The first half of the book is physics heavy whilst the second half focuses on one of the most interesting times in finance, where academics emigrated into Wall Street as quants in the 80s. As an armchair physicist, and currently working in finance, I thoroughly enjoyed this book.

I particularly like the part where he wrote:

“I began to believe it was possible to apply the methods of physics successfully to economics and finance, perhaps even to build a grand unified theory of securities.

After twenty years on Wall Street I’m a disbeliever. The similarity of physics and finance lies more in their syntax than their semantics. In physics you’re playing against God, and He doesn’t change His laws very often. In finance you’re playing against God’s creatures, agents who value assets based on their ephemeral opinions. The truth therefore is that there is no grand unified theory of everything in finance. There are only models of specific things.”

Perhaps he is my role model – finance is means to an end, not the end.

Derman is currently Professor at Columbia University and Director of its Financial Engineering Program

 

 

The Quants – How a New Breed of Math Whizzes Conquered Wall Street and Nearly Destroyed It.

February 23, 2010 2 comments

The Quants

I pre-ordered this and received it the day of release. There were some negative comments on Amazon regarding this book that basically went along the lines of ‘the author is bashing quants (quantitative maths whizz) for the economic crisis’. It is clear the ‘reviewer’ did not actually read the book. For starters the author is a staff reporter for the WSJ. Not sure if that is a good thing or a bad thing. (For stories I’ll happily read the WSJ, but for objectivity I’ll stick to the FT.)

This book does NOT blame all quants for the crisis. Don’t judge a book by its cover; the title is probably more of a marketing ploy than anything. Patterson basically covers the alpha and the omega of a small breed of highly influential quants, the big swinging d!cks, the masters of the universe such as hedge fund bosses, head of prop traders and senior management of some major financial institutions on Wall Street.

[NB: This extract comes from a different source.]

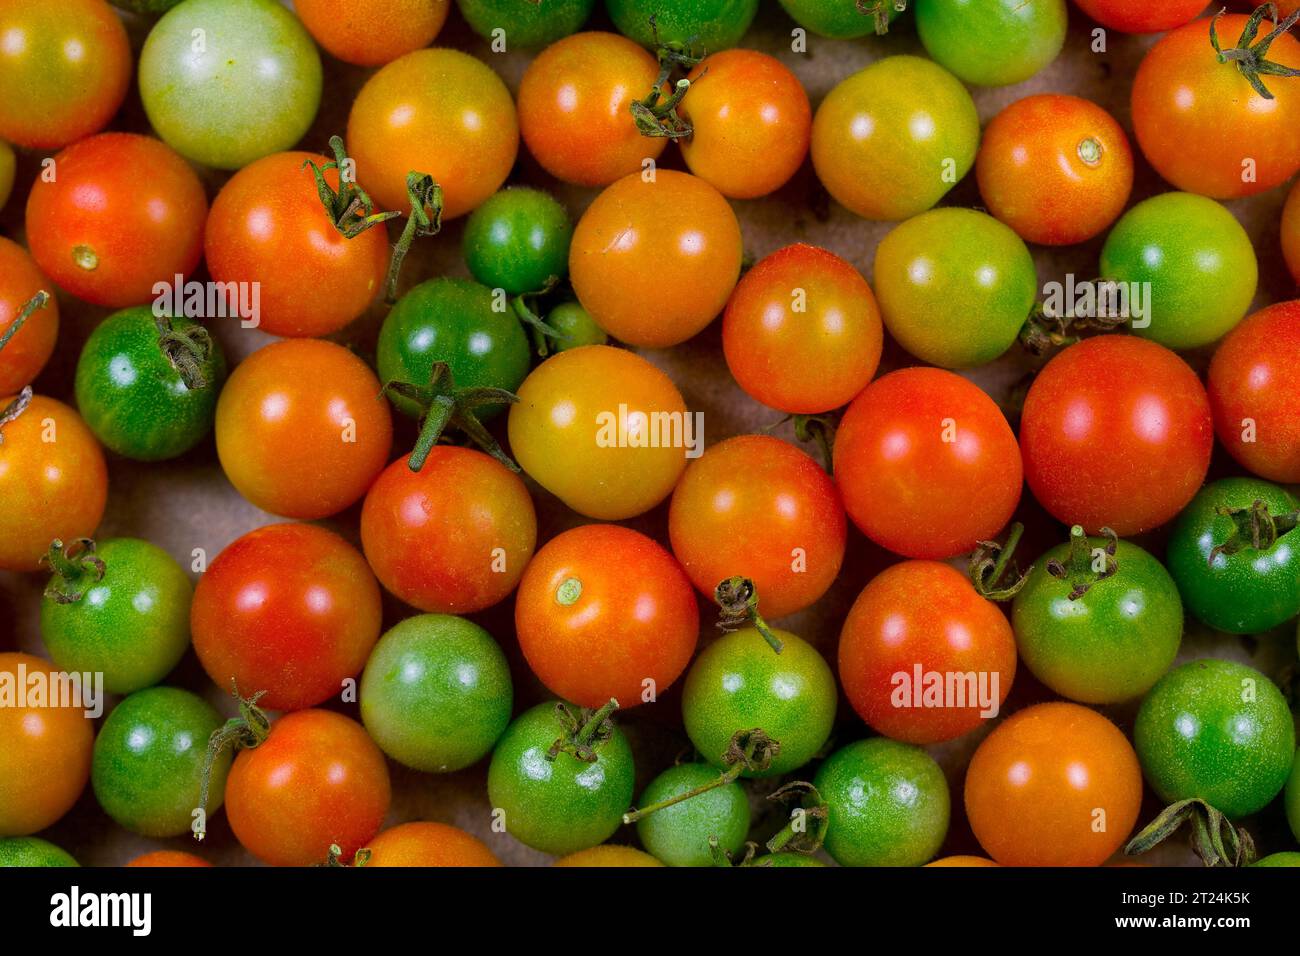 Pomodori ciliegini coltivati con metodo biologico in varie fasi di maturazione Foto Stock

The biographies and historical anecdotes of the major characters have to be taken with a pinch of salt, nevertheless the author did a good job with narration. Obviously anyone who is reading this book is smart enough to realise that the author is not reconstructing the ‘conversations’ verbatim.

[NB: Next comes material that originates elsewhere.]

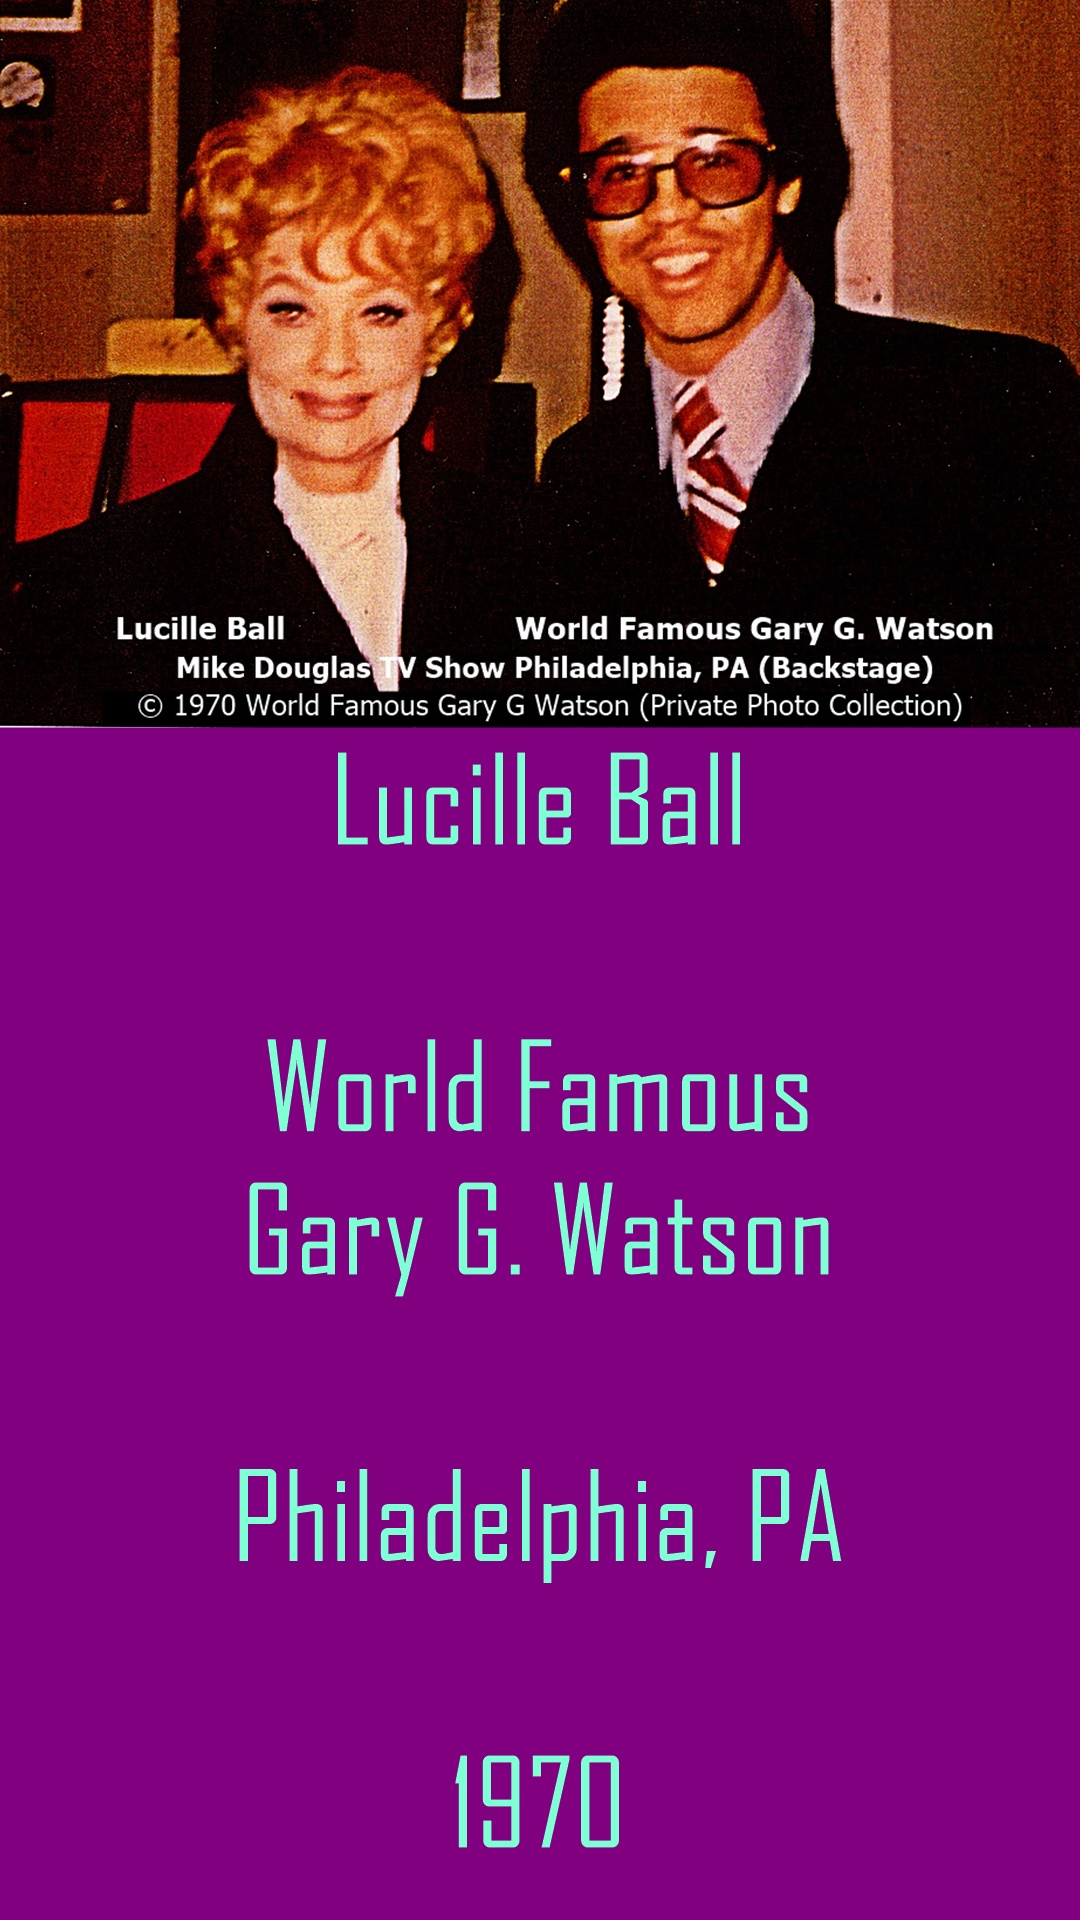 Lucille Ball and Gary G Watson

The book begins with Ed Thorp (quant legend) who was the first guy that devised a mathematically ‘proven’ and field tested method to beat blackjack. Not satisfied with beating casinos at their own game Thorp decided to take his math skills to the biggest casino of all, Wall Street. He later ‘discovered’ a mathematical formula for buying and selling warrants. Thorp is perhaps best known for his two books, Beat the Dealer and Beat the Market, both of which are now classics.

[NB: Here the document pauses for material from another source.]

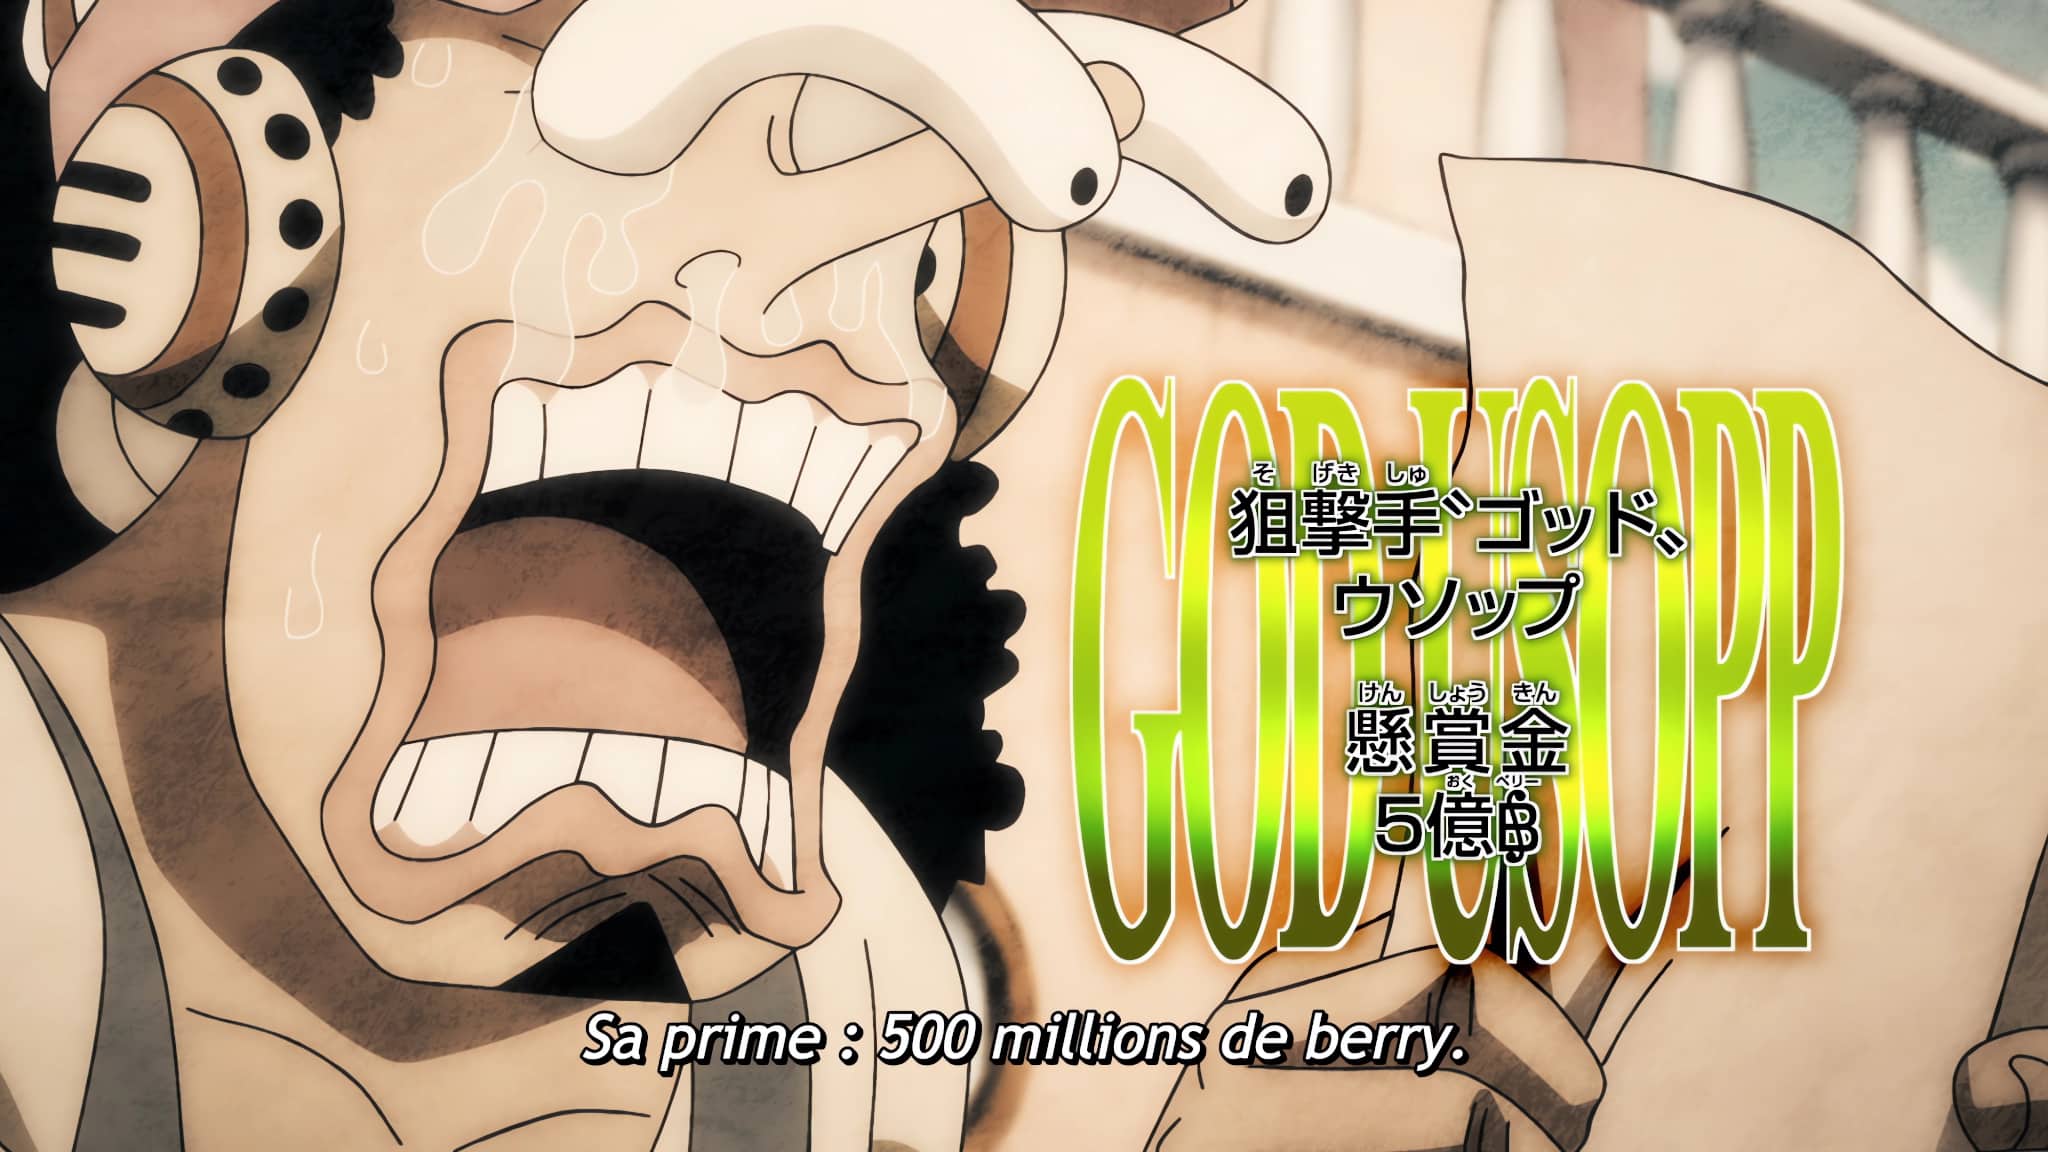 La prime de Usopp dans ONE PIECE après l'arc Wano Kuni : 500 Millions de Berrys

Click here for podcast of an interview with Ed Thorp and Scott Patterson

The author then takes the reader through a journey in history to the present day titans of the financial markets such as Ken Griffin of Citidel and Cliff Asness of AQR, Peter Muller, Boaz Weinstein etc. These men each control billions and most of them wield PhDs in the quantitative field from the top academic institutions. They all share one thing in common: the search for THE truth/alpha. The truth/alpha roughly equates to knowing (or ‘predicting’) where the financial markets are heading and/or the world as a matter of fact.

According to them the truth/alpha can be measured a dollar at a time and for every dollar they accumulate, it represents one step closer to THE truth (if there was one). Possession of the truth or alpha promises ethereal riches.

However, the book does not go into detail on how financial modelling caused the crisis nor does it offer any concrete evidence as such. You just have to take the author’s word. Nevertheless the stories itself are worth it.

Try reading this with Fooled by Randomness and the Black Swan by Nassim Taleb. Which is what I did. Not only did these three books change my outlook on the financial markets and the economy in general, they had me re-examining my epistemological and philosophical paradigm of my knowledge (or the lack of it) on the said matter and in general.